Drivers face tough new laws over cellphone use in vehicles

World problem: Mobile phone use while driving. PHOTO @IFC_org

London, UK | Xinhua | Drivers in Britain are to face fines and a risk to their driving licenses under stricter controls over the use of cellphones in their vehicles, the British Department for Transport (DfT) announced Friday.

While it is already illegal in Britain to text or make a phone call using a hand-held device while driving, the new laws, which will come into operation in 2022, will go further to ban drivers from using cellphones to take photos or videos, scroll through playlists or play games.

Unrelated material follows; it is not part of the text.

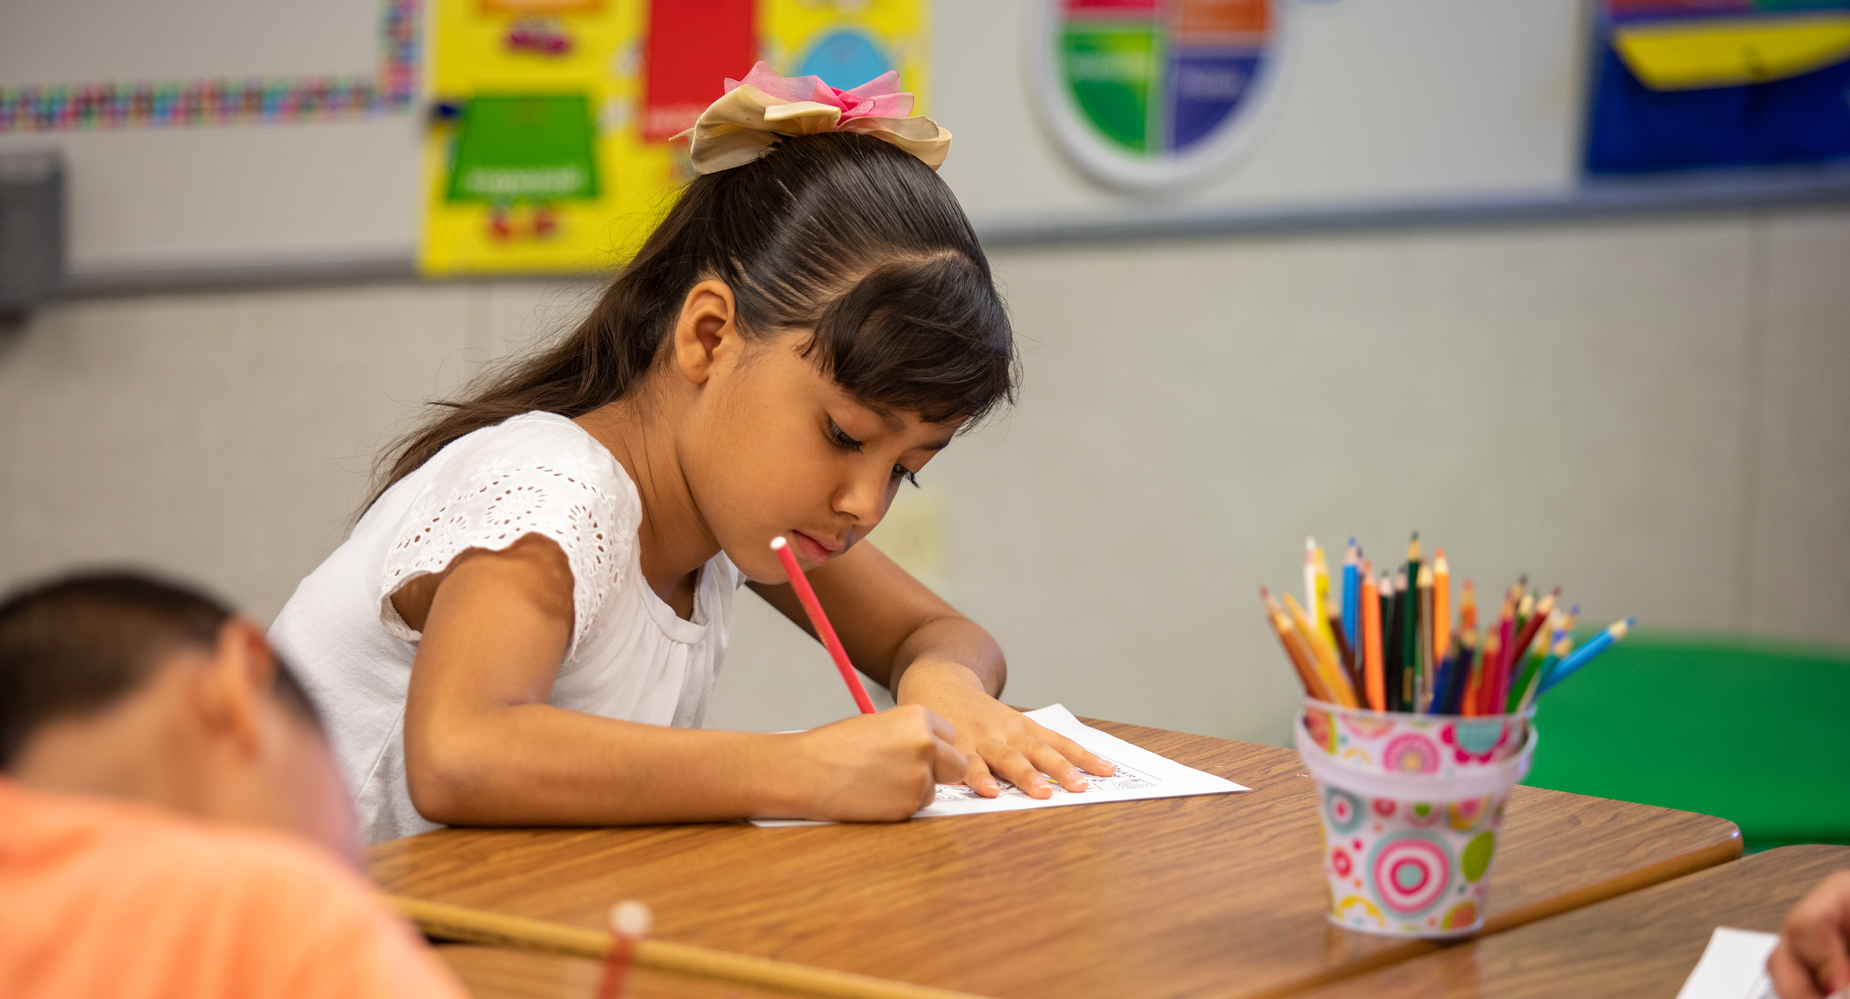 Girl at school desk coloring

It will also outlaw the use of hand-held devices when vehicles are stopped at traffic lights or held up in a queue on a gridlocked motorway.

Offenders will face a 200-pound (269-U.S. dollar) fixed penalty notice and have 6 points on their driving license, risking a ban under a points totting-up system.

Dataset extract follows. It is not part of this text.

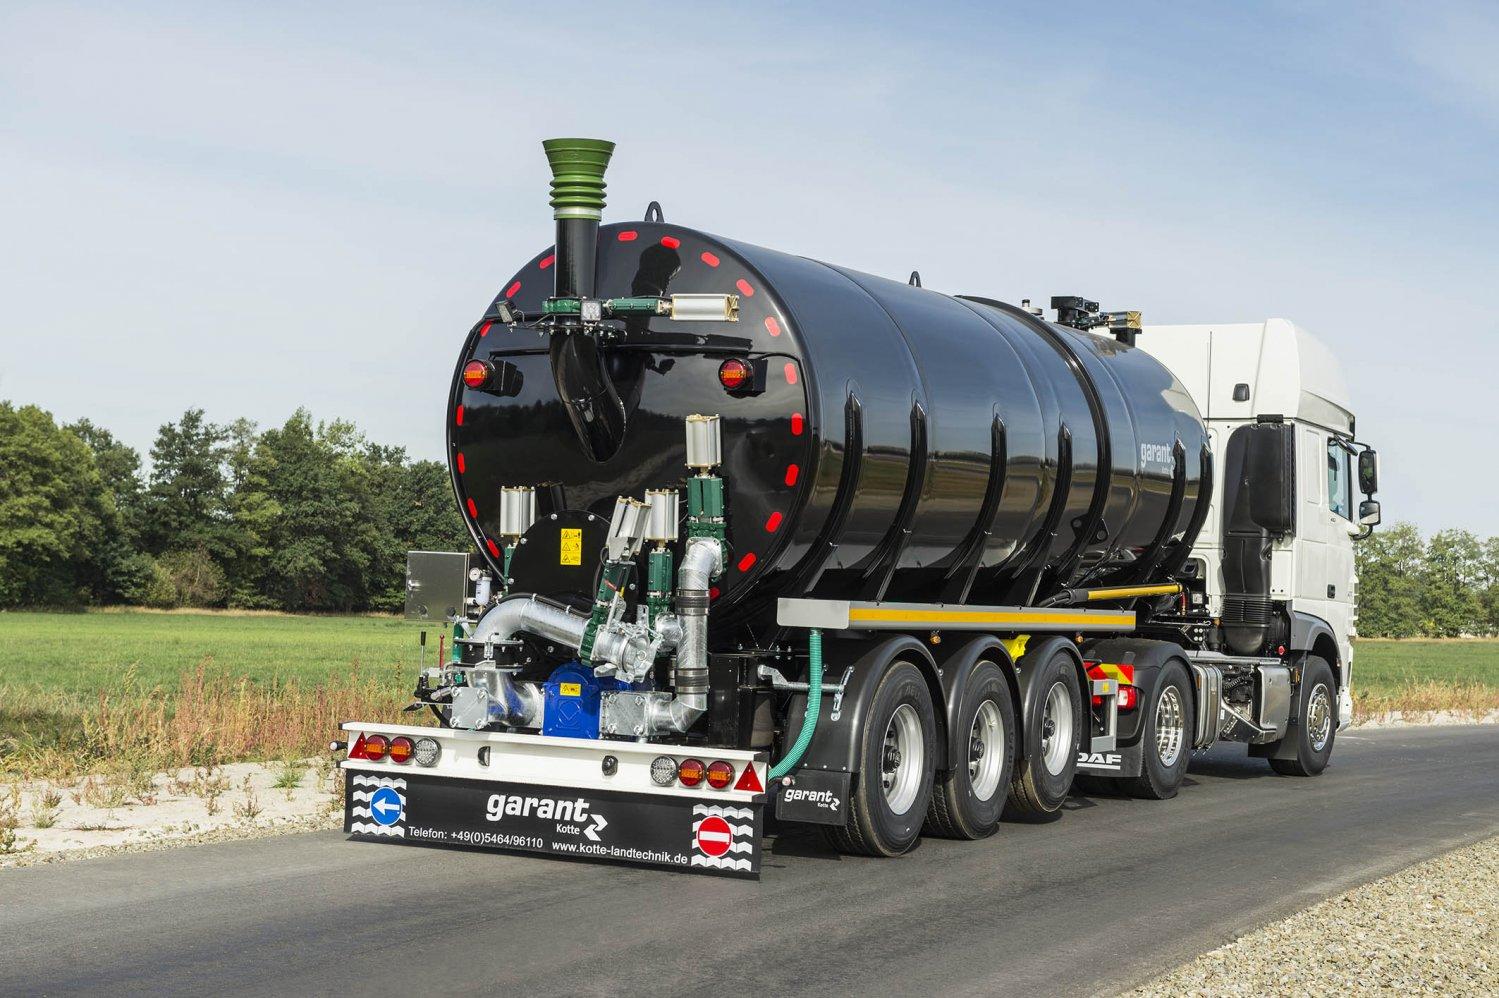 Tanksattelauflieger-gülle-transport-4.jpg
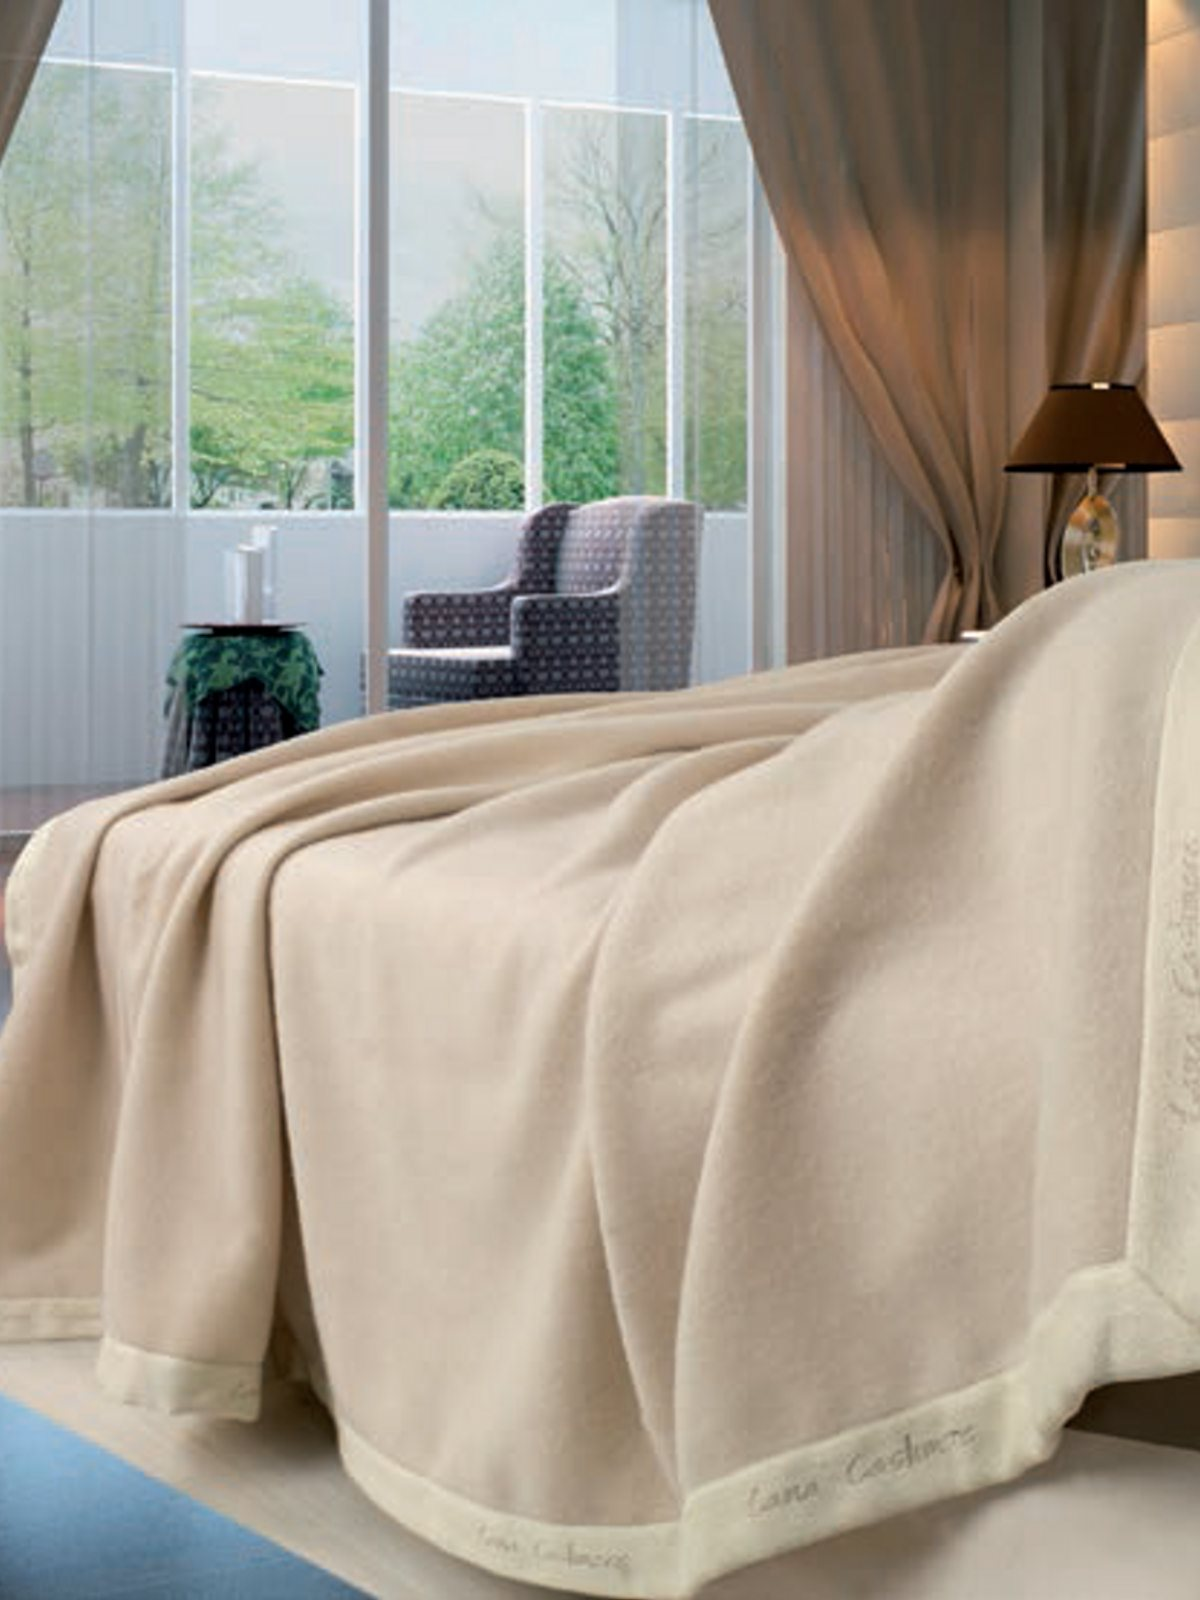 plaid en cachemire et laine m rinos fiordiloto lanerossi. Black Bedroom Furniture Sets. Home Design Ideas

The tougher rules follow a public consultation that found 81 percent of respondents supported proposals to strengthen the law and make it easier for culprits to be prosecuted.

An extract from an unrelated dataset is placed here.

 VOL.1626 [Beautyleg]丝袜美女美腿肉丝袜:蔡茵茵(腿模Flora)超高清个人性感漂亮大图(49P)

A study published Friday by the DfT revealed younger motorists are more likely to have used a handheld device while driving.

A poll conducted for the DfT by Ipsos MORI found around two thirds of 16-24 year olds used their cellphones in hand while stationary in traffic or at traffic lights, and about six in ten used their phones while moving in traffic.

Transport Secretary Grant Shapps said: “Too many deaths and injuries occur while mobile phones are being held. By making it easier to prosecute people illegally using their phone at the wheel, we are ensuring the law is brought into the 21st century.”